▶ [Exercise requirements]: Retype, word for word, each line between the lines holding "Pushkar, India, 28" and "زیرنویس فیلم The Angry Birds Movie 2016", inclusive, and leave the rest of the data alone.

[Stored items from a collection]
+ + + +

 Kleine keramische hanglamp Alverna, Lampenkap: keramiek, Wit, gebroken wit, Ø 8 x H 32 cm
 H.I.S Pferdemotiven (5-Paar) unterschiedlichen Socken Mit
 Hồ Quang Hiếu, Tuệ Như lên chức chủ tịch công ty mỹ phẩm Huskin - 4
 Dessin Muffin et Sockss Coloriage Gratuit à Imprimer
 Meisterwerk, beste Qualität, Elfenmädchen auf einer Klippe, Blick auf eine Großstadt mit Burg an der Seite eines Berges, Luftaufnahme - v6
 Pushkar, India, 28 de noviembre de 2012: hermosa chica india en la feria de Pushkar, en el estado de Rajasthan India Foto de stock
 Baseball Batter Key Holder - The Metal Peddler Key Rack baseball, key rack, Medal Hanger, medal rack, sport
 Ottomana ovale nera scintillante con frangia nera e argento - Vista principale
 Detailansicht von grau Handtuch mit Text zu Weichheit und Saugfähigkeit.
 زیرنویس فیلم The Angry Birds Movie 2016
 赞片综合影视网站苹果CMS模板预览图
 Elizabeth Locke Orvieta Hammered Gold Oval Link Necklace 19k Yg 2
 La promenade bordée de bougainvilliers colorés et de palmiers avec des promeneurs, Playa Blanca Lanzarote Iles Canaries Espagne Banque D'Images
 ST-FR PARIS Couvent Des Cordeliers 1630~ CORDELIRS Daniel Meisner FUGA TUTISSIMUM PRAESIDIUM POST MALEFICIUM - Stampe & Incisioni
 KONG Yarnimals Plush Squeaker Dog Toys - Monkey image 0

+ + + +

▶ [Expected answer]:
 Pushkar, India, 28 de noviembre de 2012: hermosa chica india en la feria de Pushkar, en el estado de Rajasthan India Foto de stock
 Baseball Batter Key Holder - The Metal Peddler Key Rack baseball, key rack, Medal Hanger, medal rack, sport
 Ottomana ovale nera scintillante con frangia nera e argento - Vista principale
 Detailansicht von grau Handtuch mit Text zu Weichheit und Saugfähigkeit.
 زیرنویس فیلم The Angry Birds Movie 2016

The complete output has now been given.